Monday, January 19, 2009
What is GFR?
Recently, I was presenting to a group that brought up the term GFR . In particular they were stating that the GFR for their plan was at nearly 100%. The plan board thought that GFR was the same as Generic substitution. I really think that their insurance carrier or paid consultant should have explained the difference until I realized that the consultant did not fully understand the terminology difference. So let me explain. Here in Canada most plans have a Generic Substitution policy where once a drug goes off patent then the plan will pay for the less expensive alternative.
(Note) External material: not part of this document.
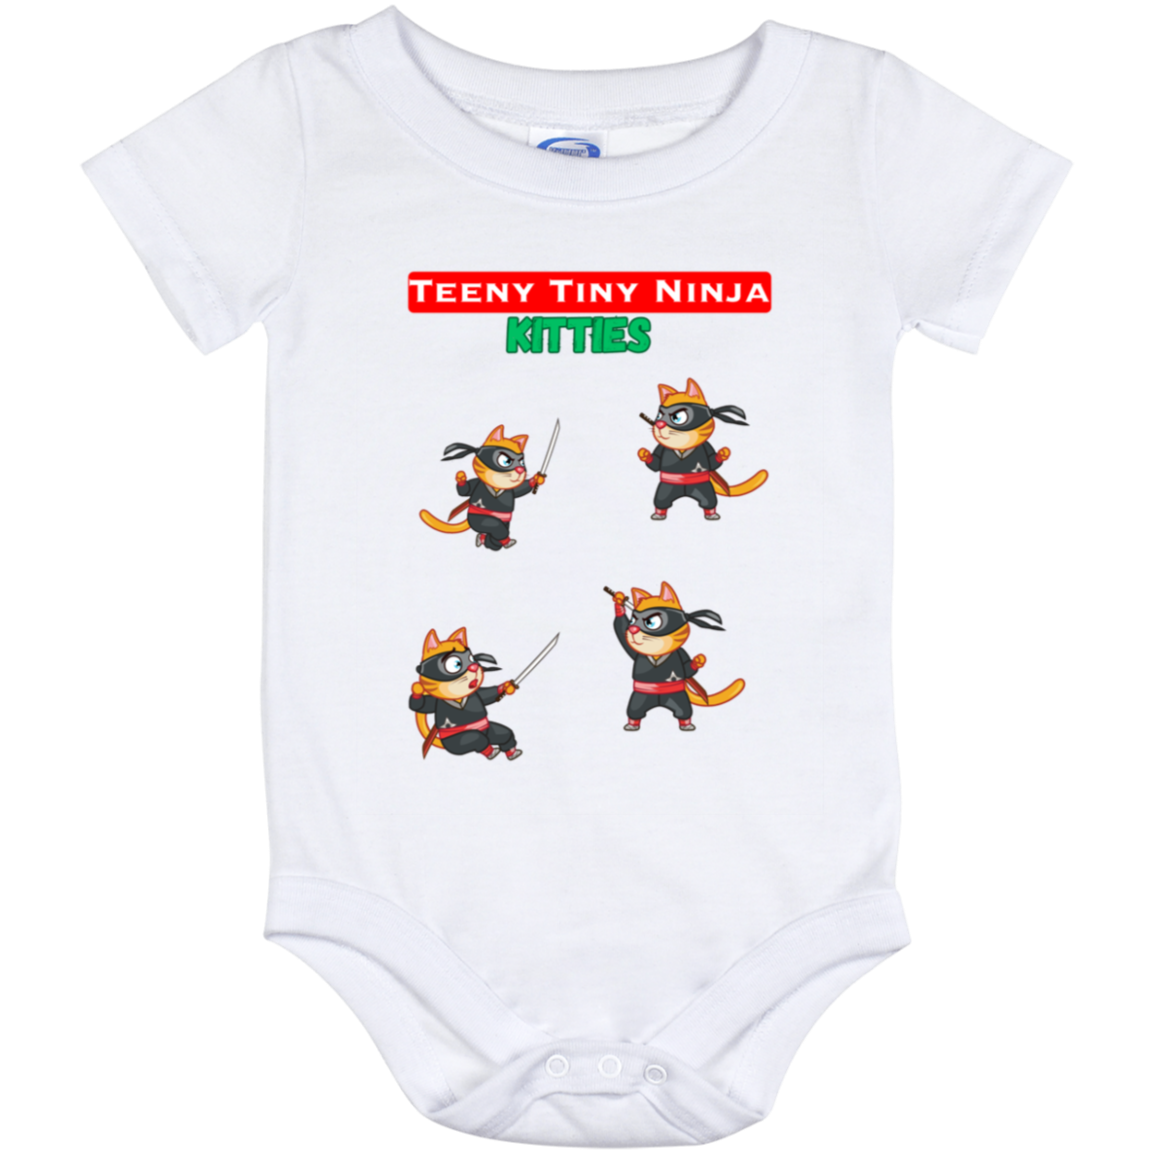 Teeny Tiny Ninja Kitties - Unisex Baby Onesie's 6, 12, & 24 Month
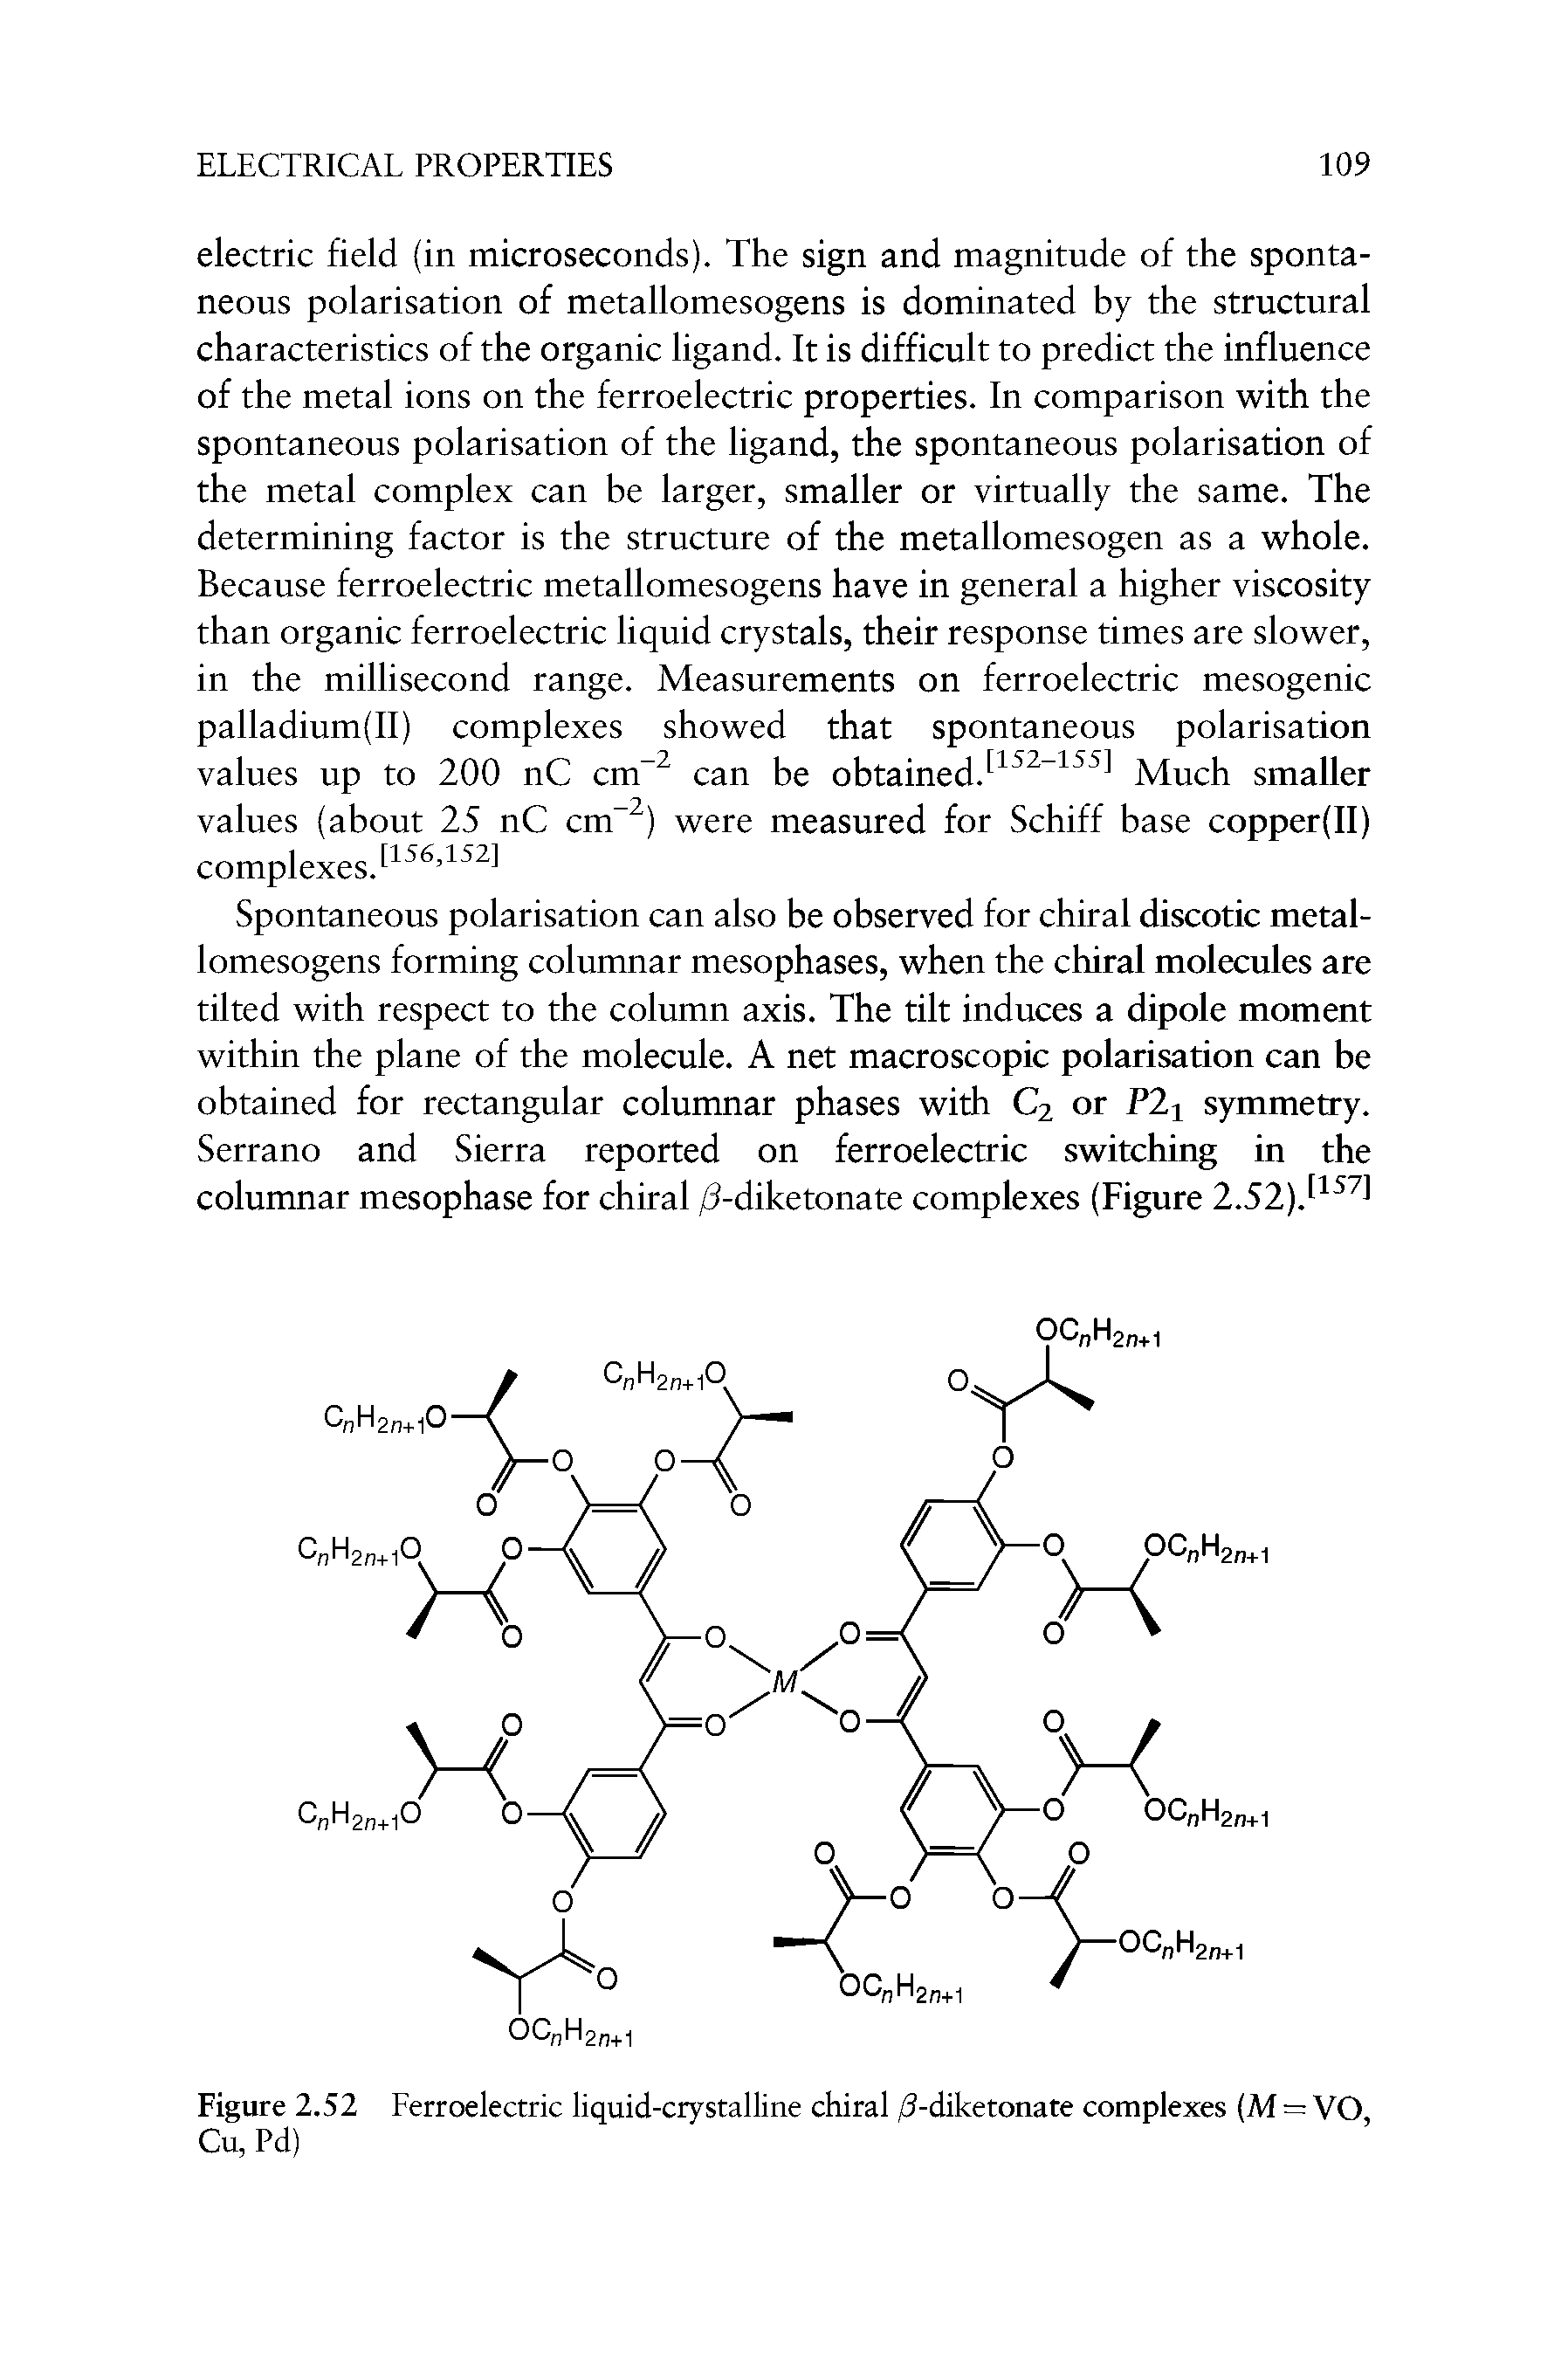 Figure 2.52 Ferroelectric liquid-crystalline chiral /3-diketonate complexes (M = VO,...

This is Generic Substitution Rate or GSR. Thus you should currently see Atorvastatin commonly known as Lipitor which is just facing several Generic equivalents have a high GSR. This just occurred in the last week or so, so you may not see it in your current carrier reports but it will impact future reports and should be at 95% +. The GFR rate refers to the number of prescriptions written or filled generically in your plan. In Canada last year the combined average GFR for Public and private plans was at about 54%. In the US that percentage is much higher at over 70% pointing to most prescriptions being written as a generic. Canada is ahead of the US in terms of the number of blockbuster drugs that have gone off patent so we have not done enough to try to take advantage of the lower costs with generics. Much debate is currently going on , as to how we get better pricing on these off patent medications.